Moreover, these actions have delivered substantial value for our shareholders. This includes total shareholder returns of 474%1 and returning $43 billion to shareholders through dividends and share repurchases. Most importantly, we have done all this while sustaining industry-leading safety performance.

 

1 

Total Shareholder Return (“TSR”) from May 1, 2012 to March 4, 2025.

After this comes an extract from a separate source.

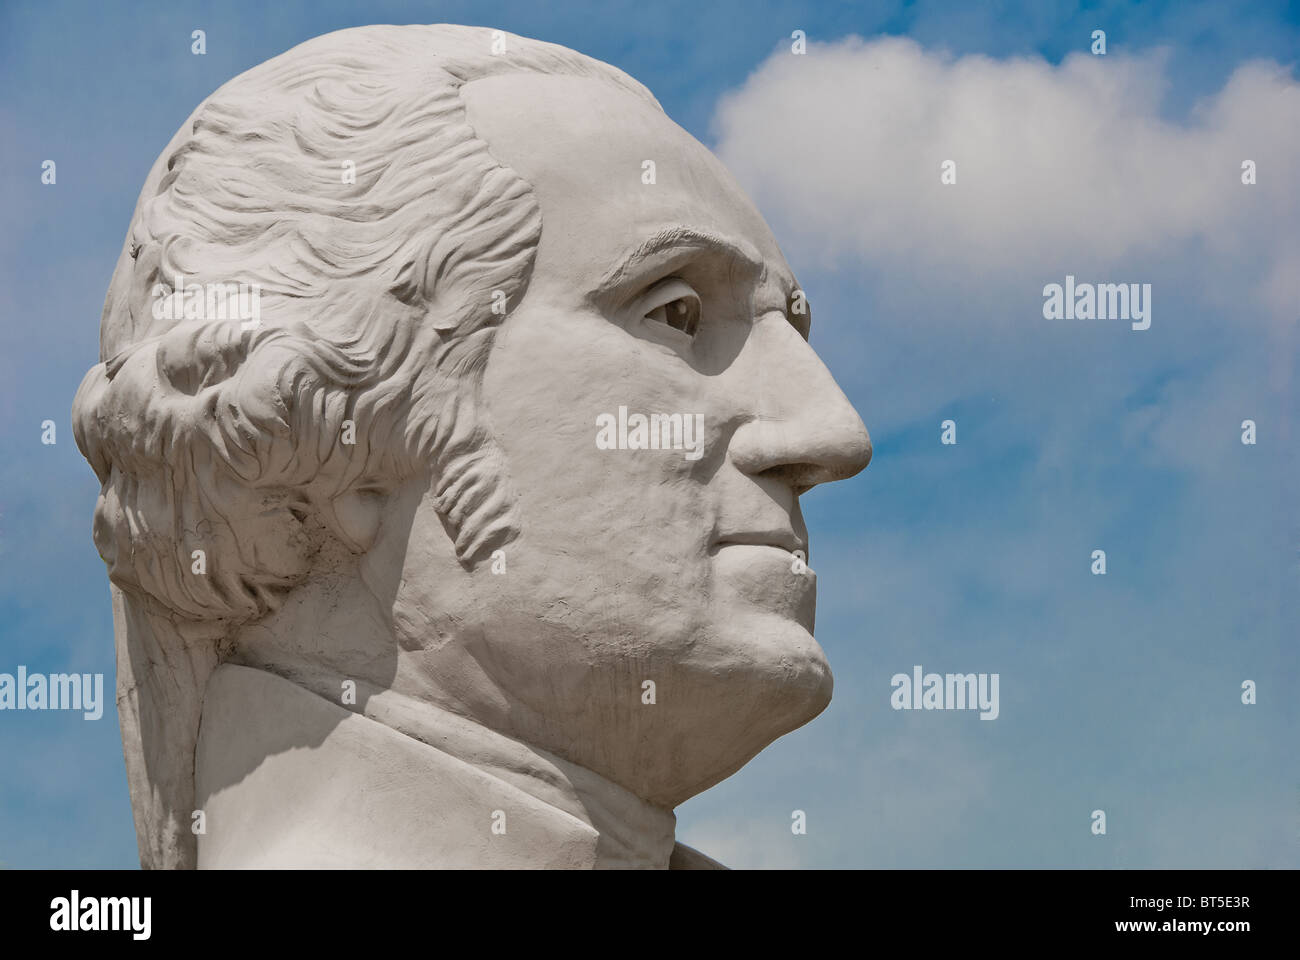 George Washington, 1st President of USA on 'Mount Rush Hour' by sculptor David Adickes, Houston, Texas, USA Stock Photo

We Have Made Significant Progress on our Strategic Priorities

Phillips 66 has taken substantial action to deliver on our objectives that we laid out in 2022, and further enhanced in 2023. Our actions have led to significant progress and achievements, enhancing shareholder returns and operational efficiency. We are a business that will always act decisively when we can realize sustainable long-term growth to the benefit of our shareholders and all stakeholders.

 

   

Delivering strong total shareholder returns of 65%2 since Mark Lashier became President and CEO of Phillips 66 on July 1, 2022, significantly outperforming the S&P 500 Energy Index (33%2) and our proxy peer group median (22%2)

 

   

Returning significant capital to shareholders with $13.6 billion in share repurchases and dividends from July 2022 through year-end 2024, exceeding our shareholder distribution target

 

   

Reducing refining costs by $1 per barrel since 2022 and committing to continued improvement

 

   

Maximizing value from our wellhead-to-market strategy by capturing $500 million of run rate synergies from our DCP Midstream acquisition (above our initial target of $300 million) and increasing our Midstream segment’s adjusted EBITDA by $1.5 billion since 2022

 

   

Maintaining our financial resilience with strong investment grade credit ratings (A3 / BBB+), engaging in a business optimization that has resulted in over $3 billion in non-core asset divestitures to date and capturing significant cost reductions since 2022 totaling $1.2 billion on a run-rate basis

 

   

Earning industry recognition for our exemplary safety performance in Midstream, Refining and Chemicals in 2022 and 2023

We Continue to Strengthen Our Business and Our Board

Below is an update on a number of our key strategic objectives and the actions underway:

Optimizing Our Business

We have demonstrated a commitment to evolving the business over time. We continue to high-grade our assets and capitalize on our growth platform to generate strong returns and significant free cash flow. We have simplified our business with over $3 billion in divestitures in the past year and returned over $5 billion to shareholders through a combination of share repurchases and dividends. We anticipate that our integrated NGL value chain growth strategy will be significantly strengthened with the pending EPIC acquisition.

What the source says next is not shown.